ACTIVITY:
Exact reproduction of the listing is required. Pictures are not reproduced.
*** RECORDED INFORMATION ***
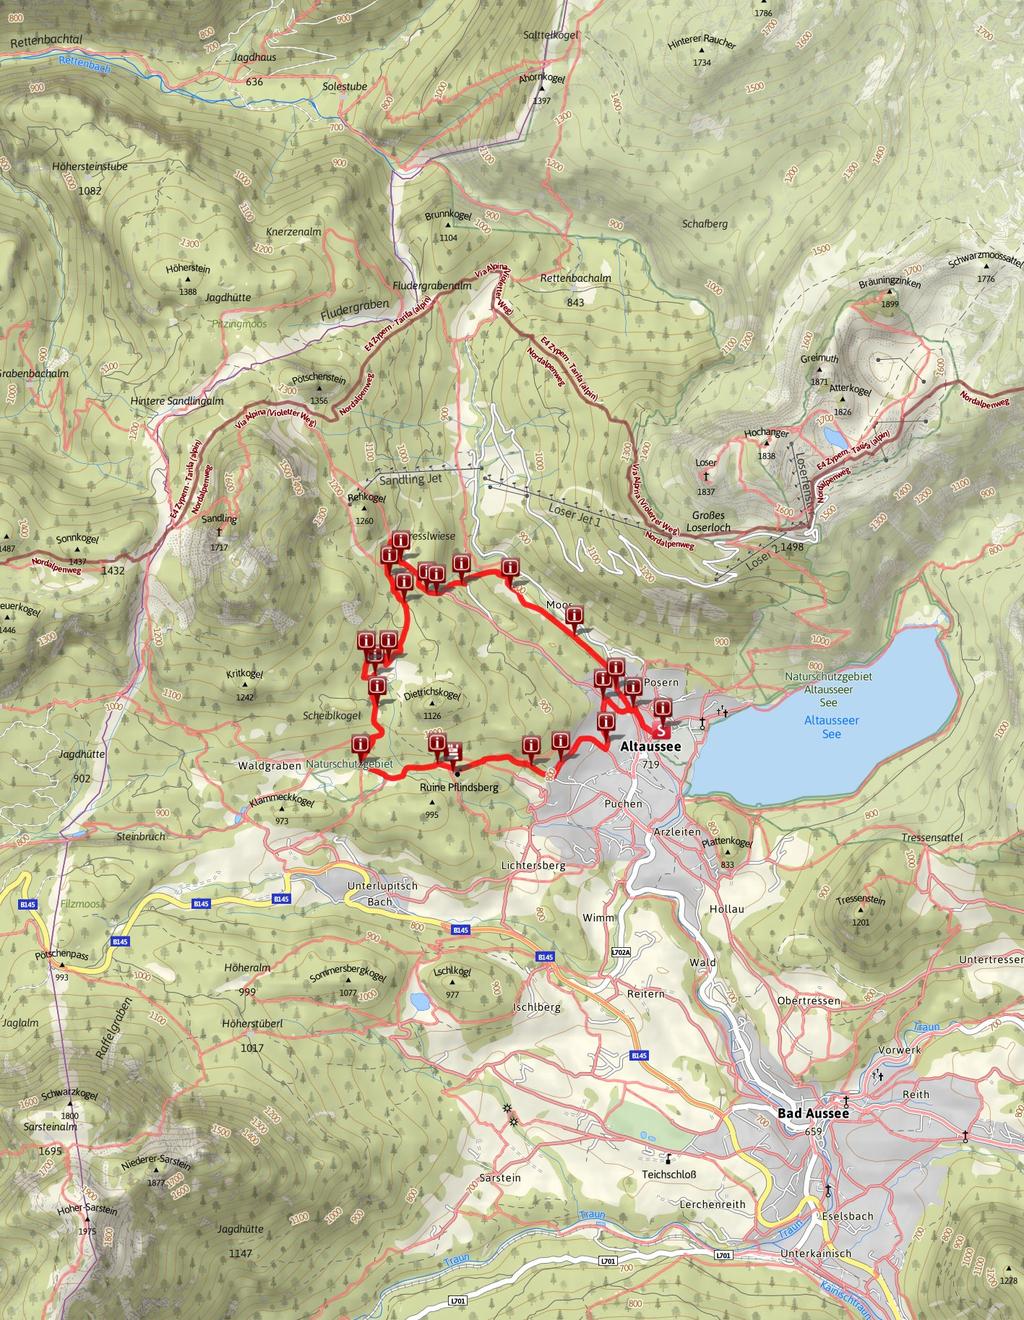 9,8 km 3:30 Std. 380 m 380 m Schwierigkeit mittel Kartengrundlagen: outdooractive Kartografie; Deutschland: GeoBasis-DE / BKG 2017, GeoBasis-DE / GEObasis.nrw 2011, Österreich: 1996-2017 here.
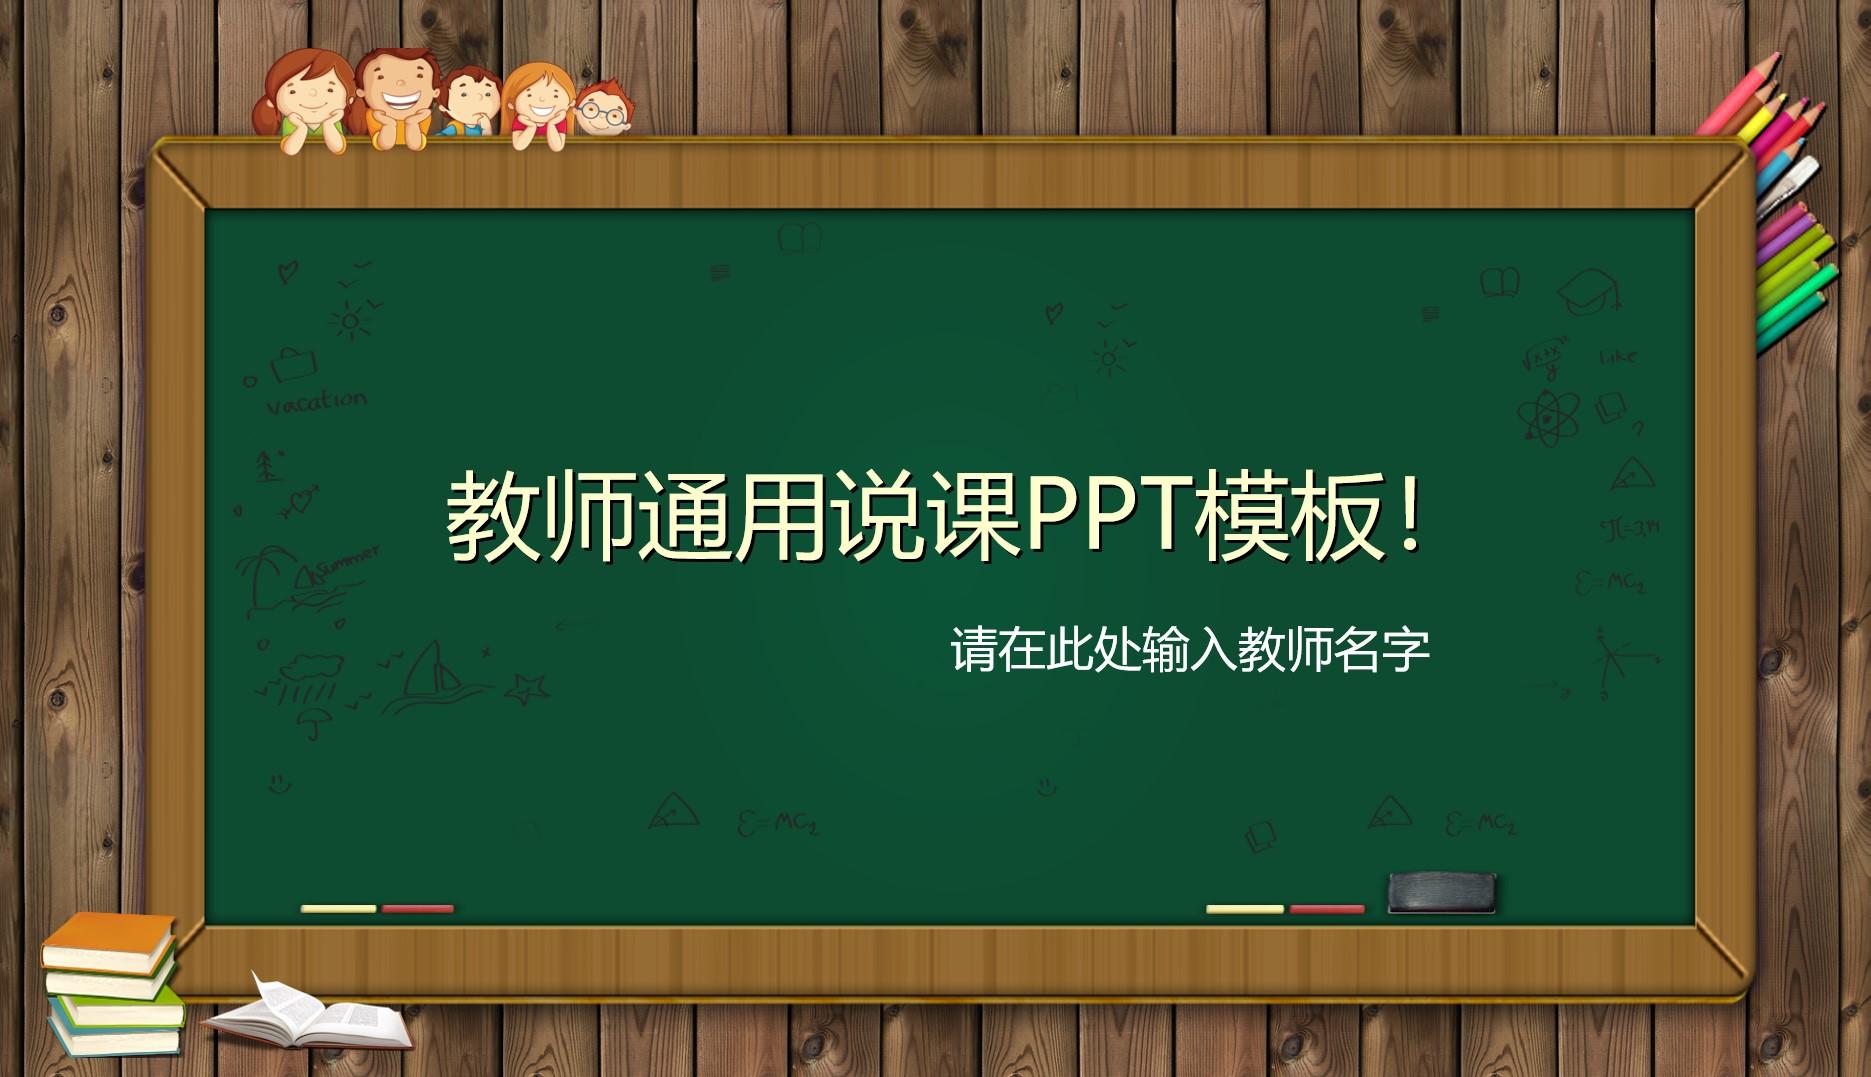 教育教学橙色绿色青色实景教师 通用 ppt 模板 名字云素材PPT模板1672482926851
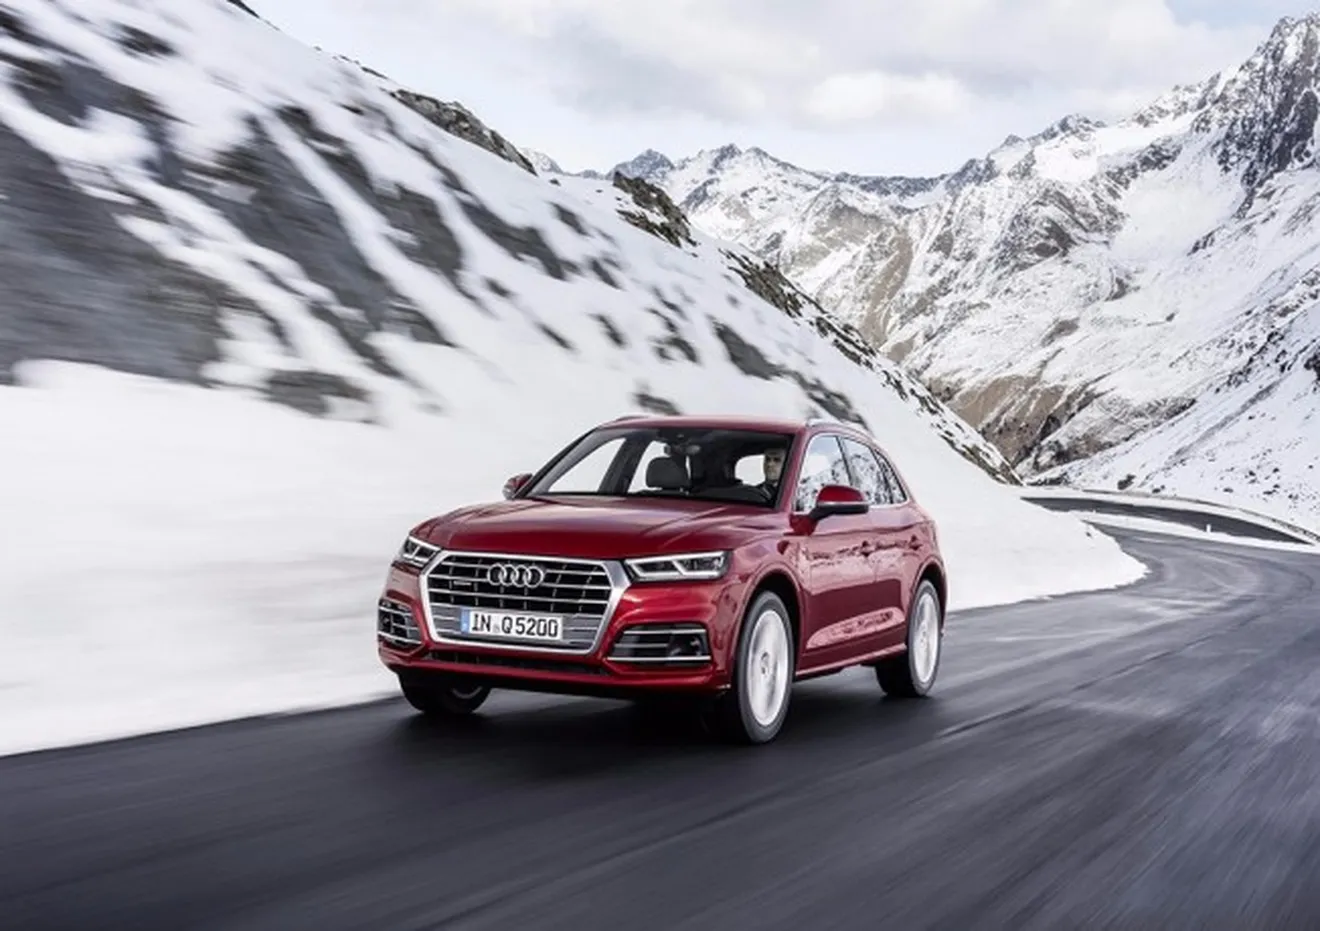 Audi fabrica 8 millones de vehículos con tracción quattro
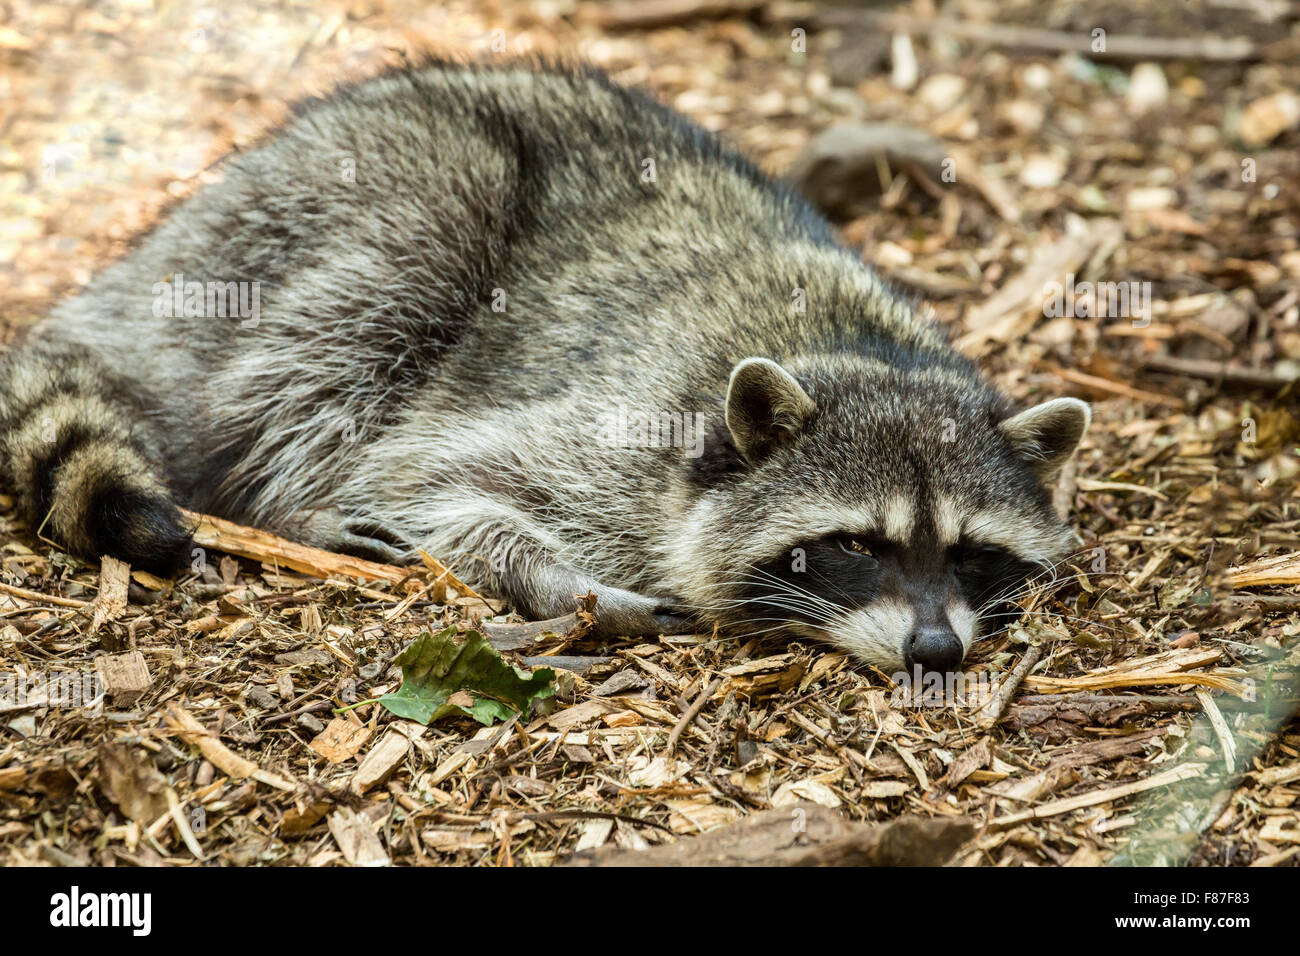 Sleepy Northern Raccoon at Northwest Trek Wildlife Park near Eatonville, Washington, USA Stock Photo
***
EXERCISE ANSWER:
 9,8 km 3:30 Std. 380 m 380 m Schwierigkeit mittel Kartengrundlagen: outdooractive Kartografie; Deutschland: GeoBasis-DE / BKG 2017, GeoBasis-DE / GEObasis.nrw 2011, Österreich: 1996-2017 here.
 教育教学橙色绿色青色实景教师 通用 ppt 模板 名字云素材PPT模板1672482926851
 Audi fabrica 8 millones de vehículos con tracción quattro
 Sleepy Northern Raccoon at Northwest Trek Wildlife Park near Eatonville, Washington, USA Stock Photo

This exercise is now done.